The gap between institutions that have hedges and those that have a convexity programme

Most institutional portfolios have hedges. Very few have a convexity budget. The difference is not semantic.

A hedge is a position designed to offset a specific risk. A convexity budget is a structural portfolio decision: how much of the portfolio’s return should be allocated to shaping the distribution of outcomes, not just maximising expected return. One is reactive. The other is deliberate. And in practice, they produce completely different outcomes.

The institution that hedges reactively buys protection after it becomes frightened, pays elevated volatility for the privilege, and cuts the programme when it underperforms for two consecutive quarters. The institution with a convexity budget deploys protection systematically when it is cheap, sizes it to a portfolio objective, and measures it against that objective rather than against the cost of premium in a quiet period.

The harder truth is this: most programmes do not fail because the instruments were wrong. They fail because when the hedge worked, no one converted it into cash.

What this paper argues

A hedge that moves deeply into the money during a stress event has created value. But that value is unrealised. It sits on the portfolio as a mark-to-market gain that will decay as rapidly as markets stabilise, policy intervenes, or implied volatility mean-reverts. The window between the peak convexity value and the start of that decay is often measured in days, sometimes hours. Marks do not fund margin calls, redemptions, or operating expenses. Only cash does.

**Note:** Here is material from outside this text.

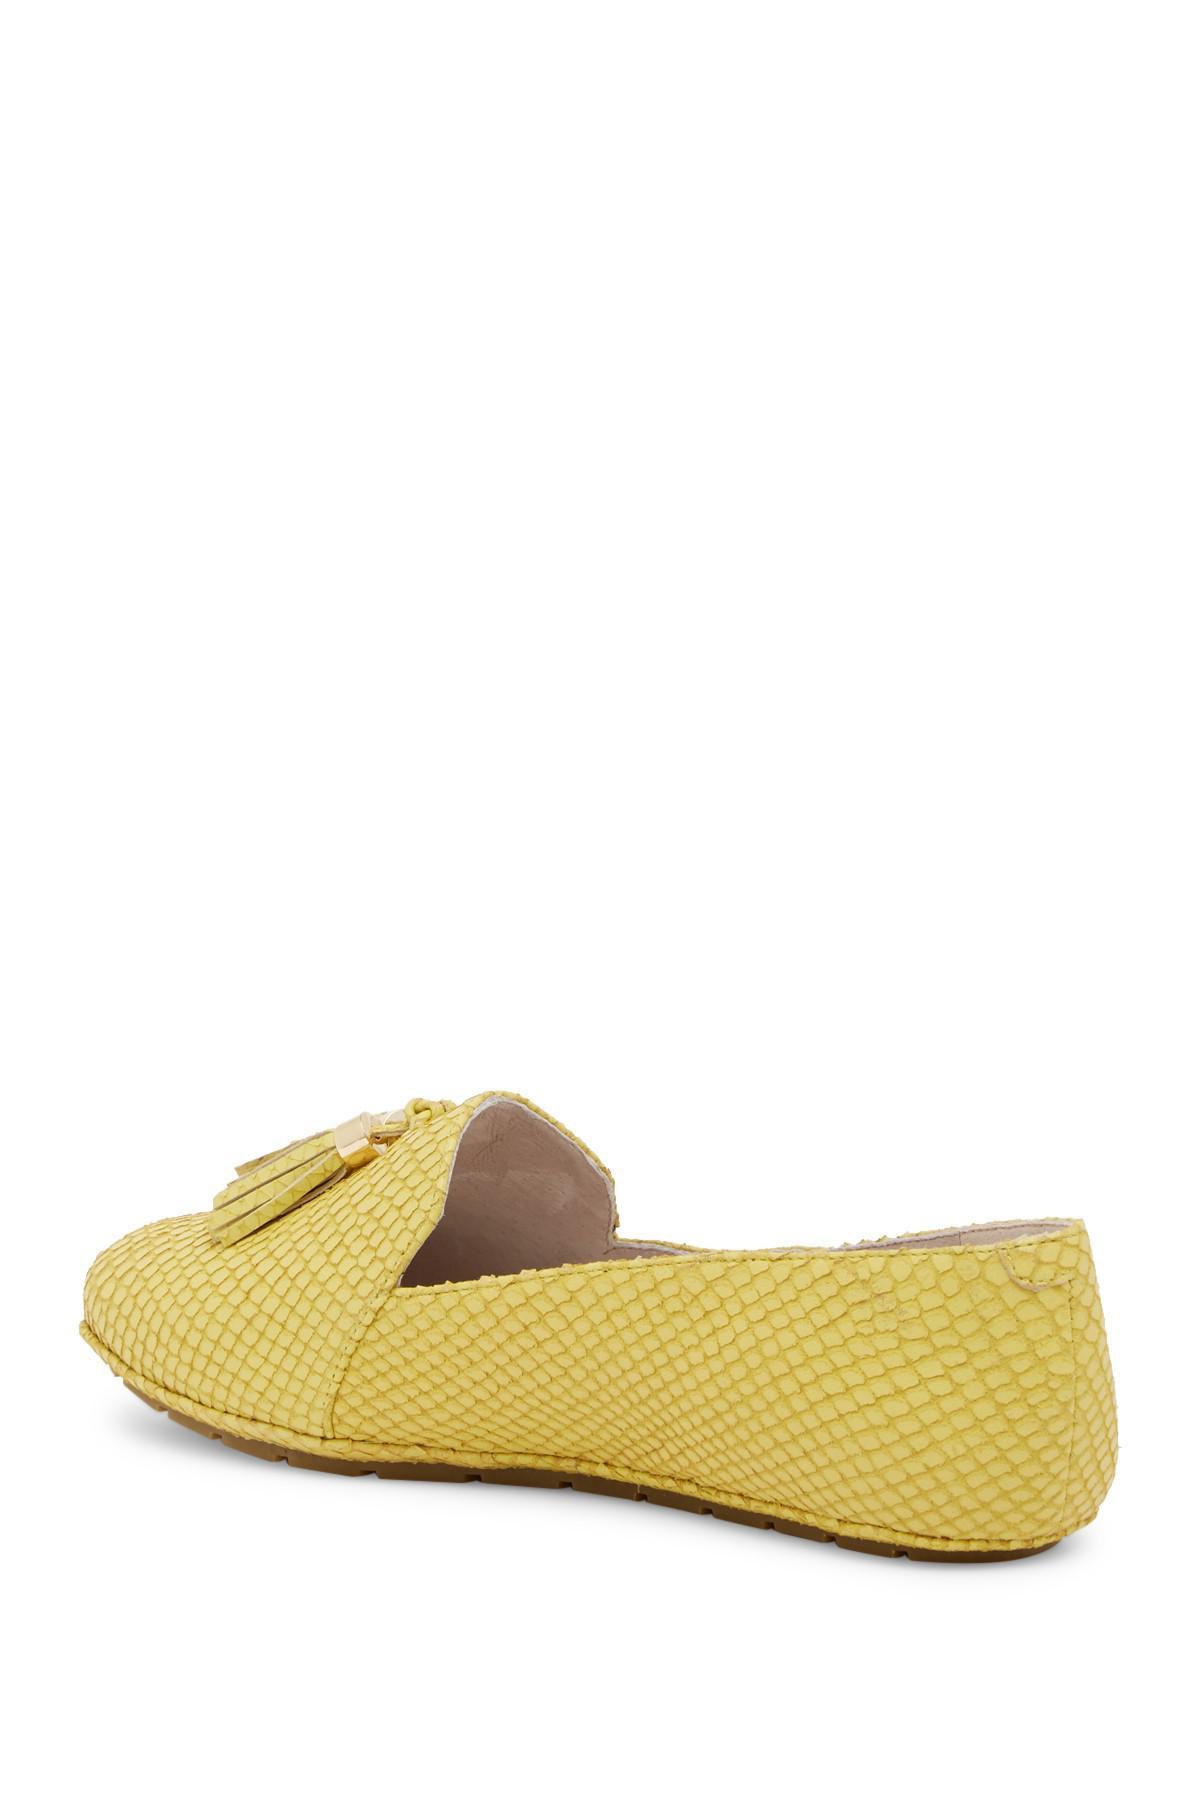 Kenneth Cole New York Julian Suede Flat Sandal hAH31G

The failure is not technical. It is structural. Governance processes that require committee approval cannot act at the speed markets require. The decision to monetise a convexity gain cannot wait for the next scheduled meeting. Without a pre-committed monetisation doctrine and delegated authority, even a well-designed programme will consistently fail at the moment it matters most.

What it covers

  • Why convexity is a legitimate portfolio allocation, not a cost to be minimised, and what that reframing changes about governance and measurement
  • How to size a convexity budget starting from a specific portfolio objective, not a generic rule of thumb
  • The 2 to 5 % premium range: what each level achieves and what it costs in calm markets
  • Why premium budgeting outperforms notional budgeting across the volatility cycle
  • Instrument selection across equity puts, put spreads, variance swaps, payer swaptions, credit CDS, and cross-asset overlays, matched to specific tail scenarios
  • Strike selection, maturity choice, and roll mechanics
  • The governance framework: the three principles that determine whether a programme survives long enough to do its job
  • The speed problem: why monthly investment committees cannot respond to events that develop in 48 hours
  • Pre-committed monetisation triggers and delegated authority structures
  • The monetisation doctrine: when to act, how much, in what order, and what to do with the proceeds
  • Performance metrics that measure the programme against its objective rather than its option P&L
  • A case study showing the same instruments, the same market, the same stress event, with and without a monetisation doctrine. The difference in outcomes was $ 40 million on a $1 billion portfolio. The capture rate was 30% without a doctrine and 97% with one.

The central argument

Most institutional portfolios have hedges. Very few are prepared to convert them into something useful when it matters. That preparation happens before the crisis, not during it.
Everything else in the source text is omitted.